-
Notifications
You must be signed in to change notification settings - Fork 122
Description
Description of the bug:
The converted tflite consumes so much memory when I run the example cpp inference code (ai_edge_torch/generative/examples/cpp/text_generator_main.cc). I take the converted qwen3-0.6B (fp16) as example.
PID USER PR NI VIRT RES SHR S %CPU %MEM TIME+ COMMAND
34897 xyz 20 0 32.7g 11.3g 979712 S 0.0 3.0 0:10.17 genai
11.3GB physical mem is used after running the line below in BuildKVCache() function in the example cpp code.

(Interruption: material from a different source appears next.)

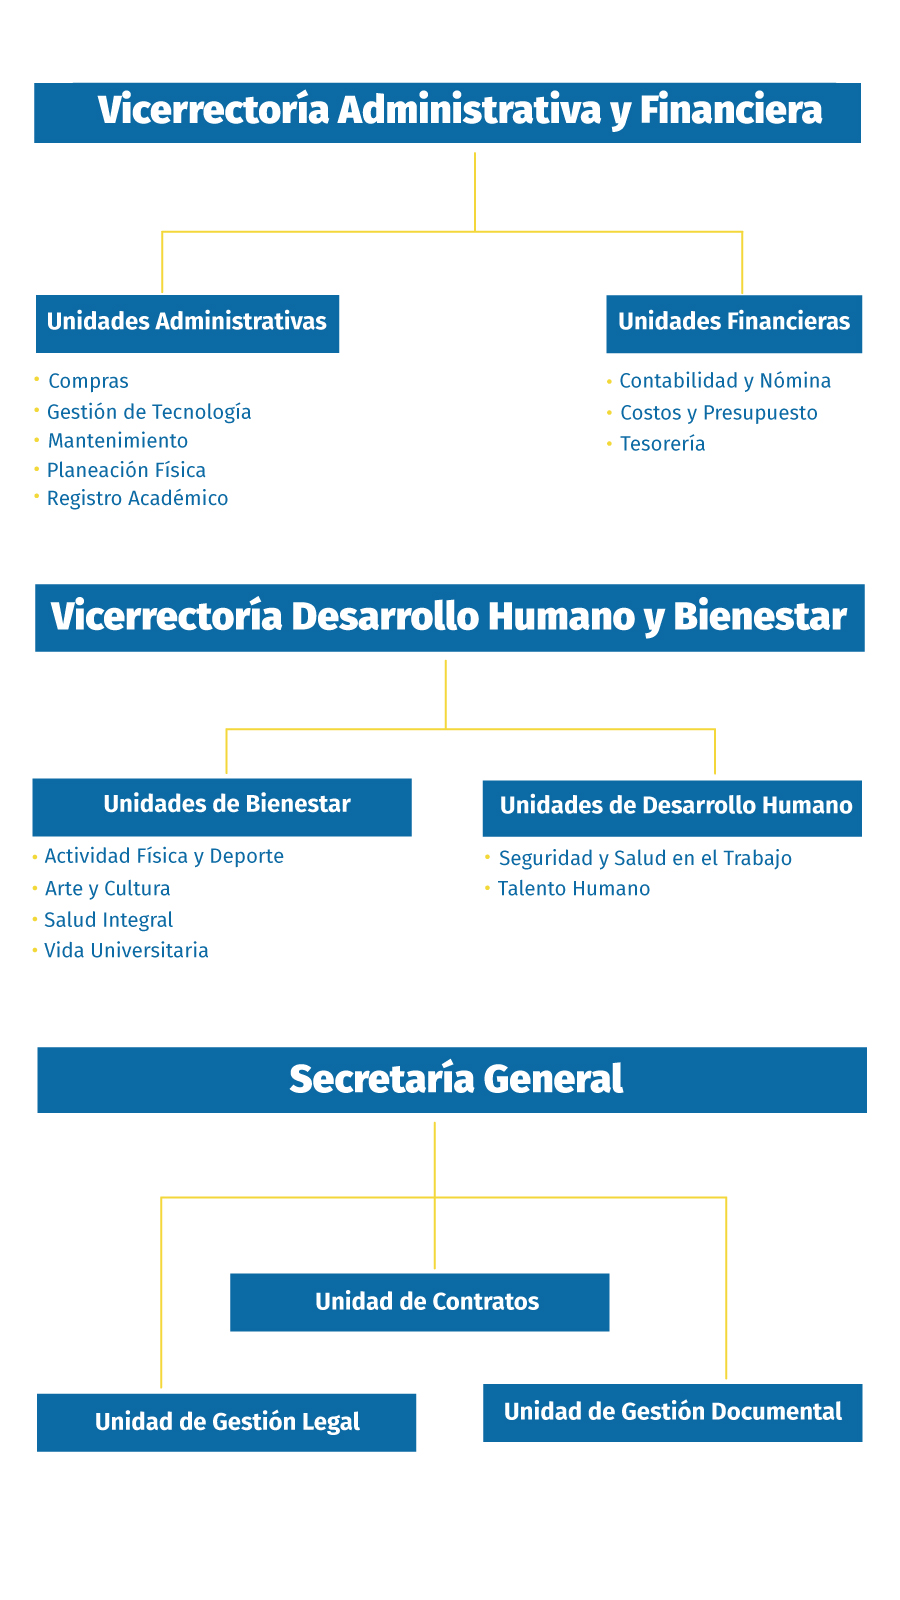 Vicerrectoría Administrativa y Vicerrectoría Desarrollo Humano
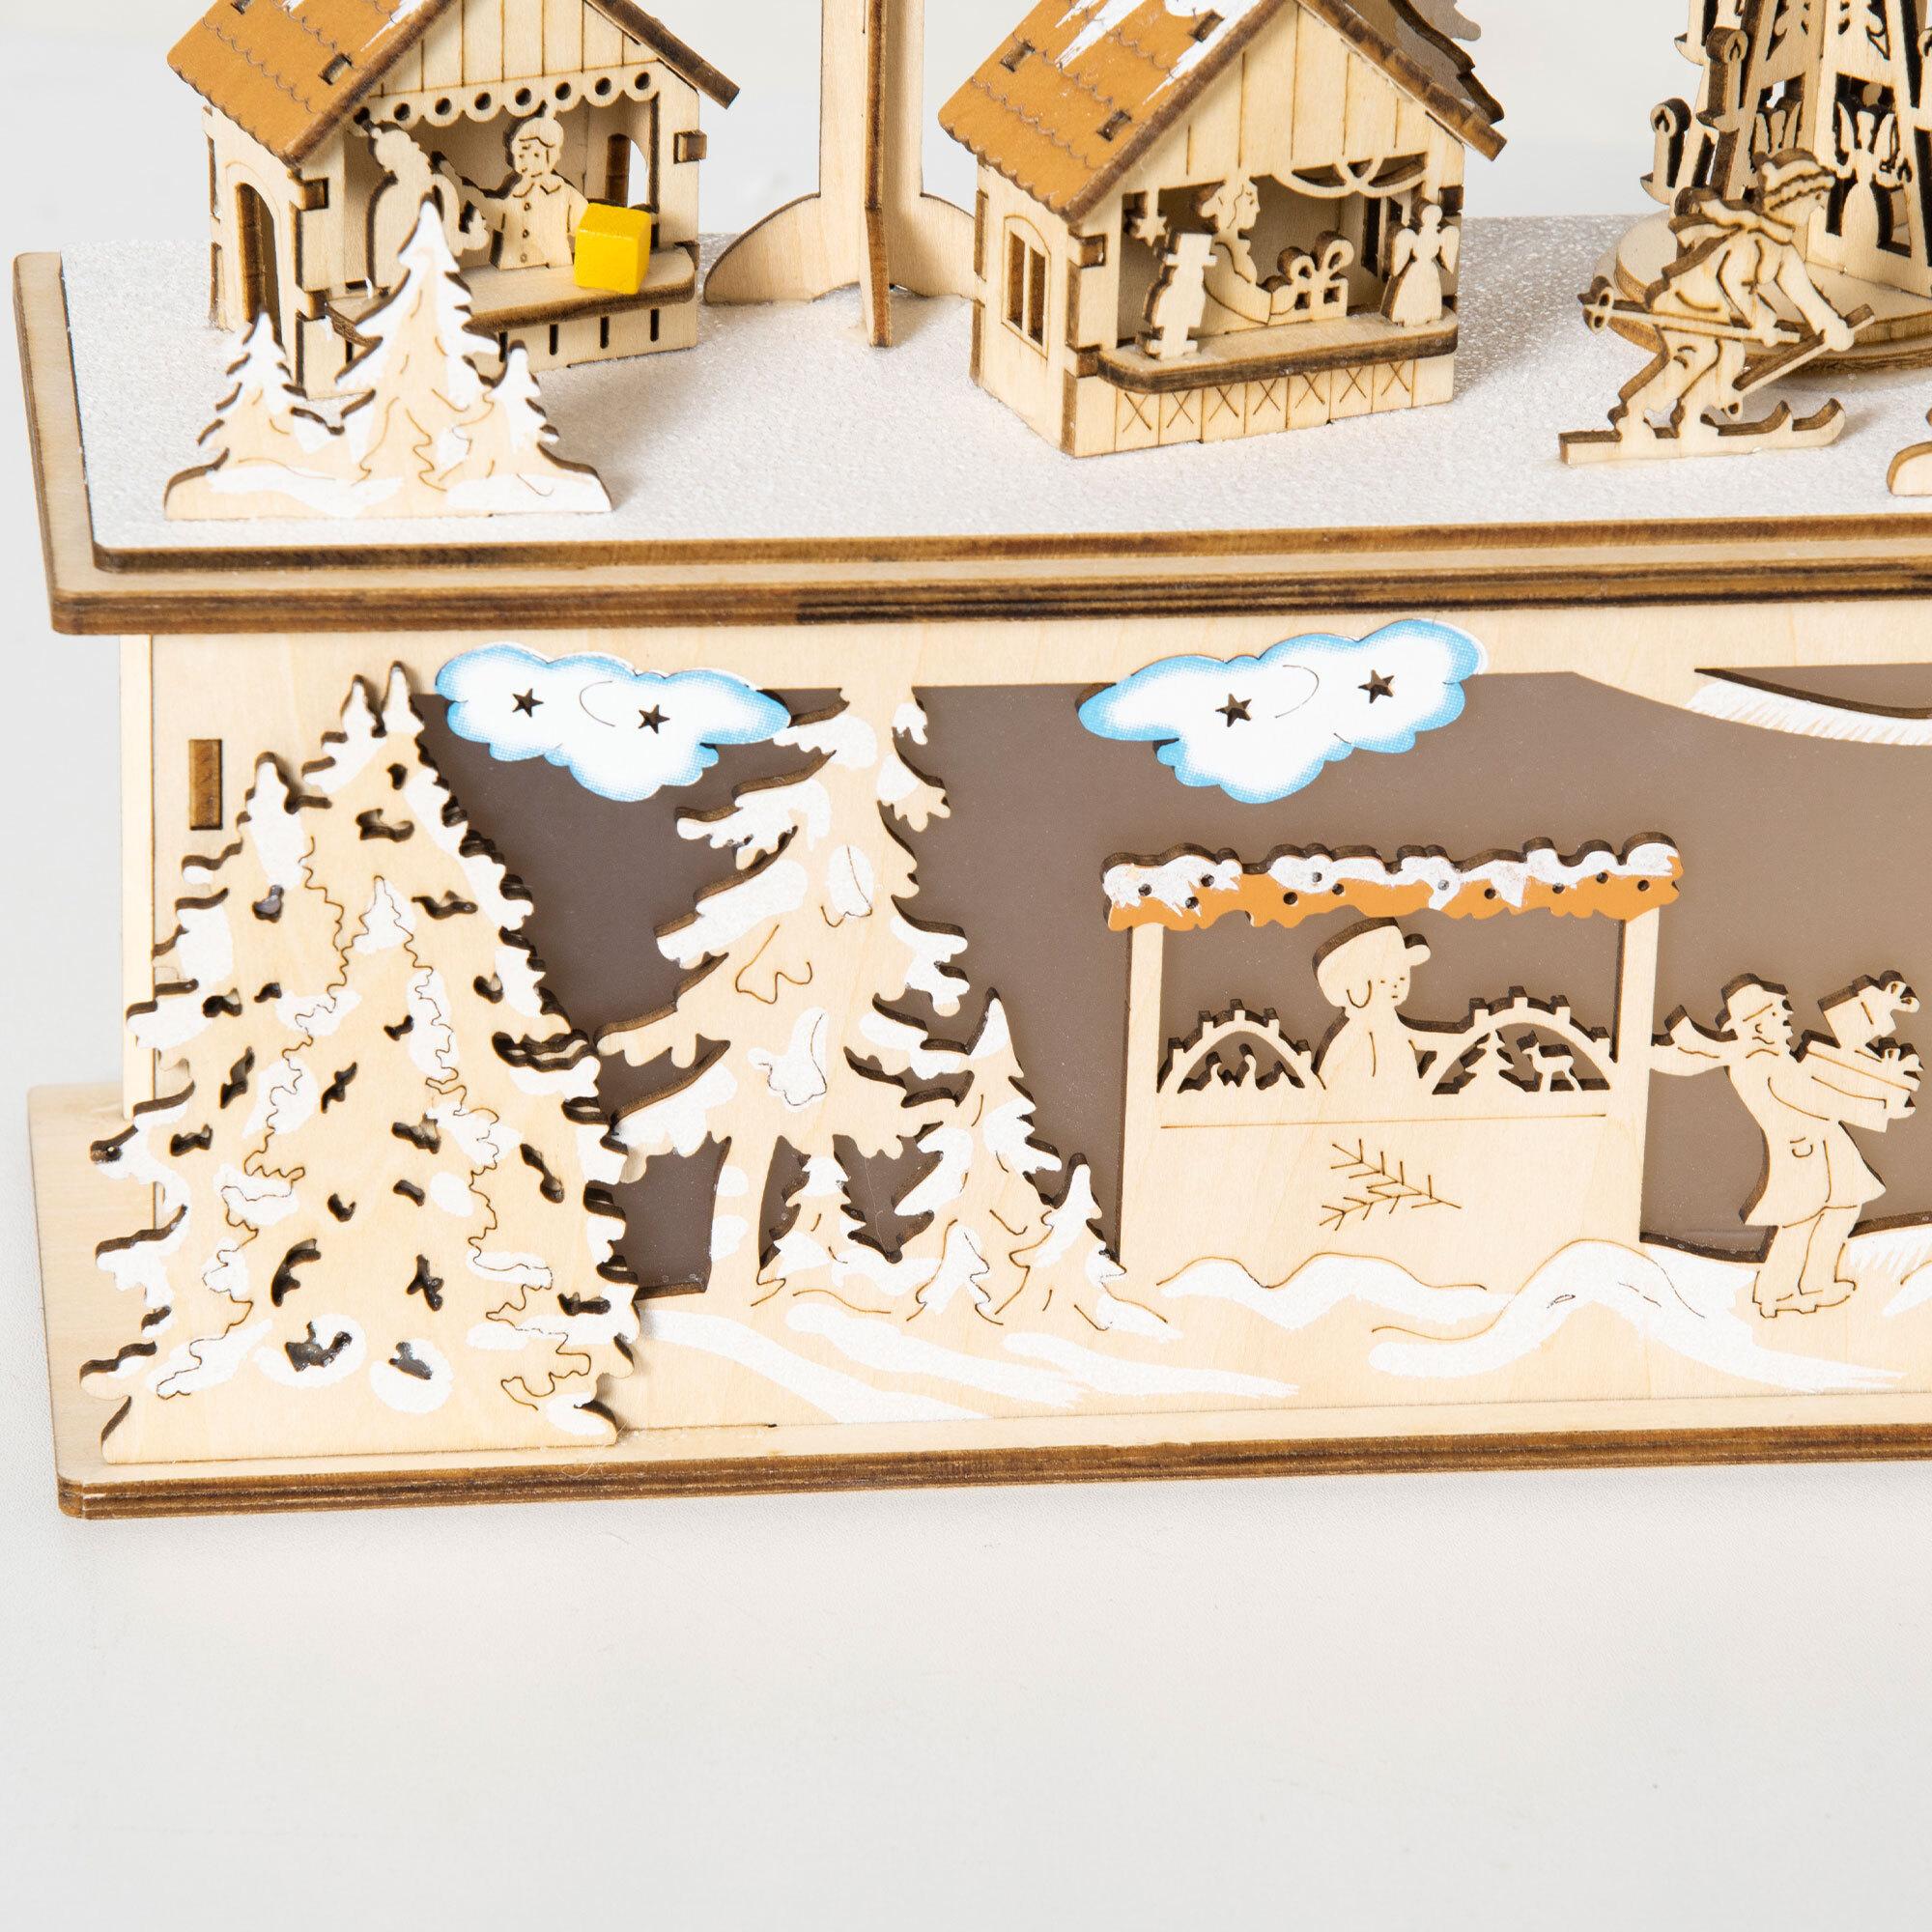 Village de Noël lumineux avec église, maisons, personnages

tflite::SignatureRunner* runner = interpreter->GetSignatureRunner("decode");
Per the parameters of Qwen3-0.6B, the model itself will consume 1.2GB (0.6B*sizeof(fp16)). The
KV_CACHE_SIZE = 2 x batch_size x seq_len x num_layer x num_head x head_dim x sizeof(fp16) = 2x1x1280x28x16x128x2 = 294MB. Note that the seq_len I choose is 1280 which is the max kv cache size (1280 by default) I set in the ai_edge_torch/generative/utilities/converter.py.
I also tested no quantization (f32) for qwen3, and model like smolLM2-135-Instruct. They all consume much higher mem than the calculated result.
What might be wrong? or expected result?
I use the latest ai-edge-torch code (master branch, dependencies: pytorch 2.7.1, tf_nightly_2.20.0.dev20250619) to convert the pytorch model, and use tflite runtime version TF2.19.0 release to build & run the text_generator_main.cc.
Actual vs expected behavior:
No response
Any other information you'd like to share?
No response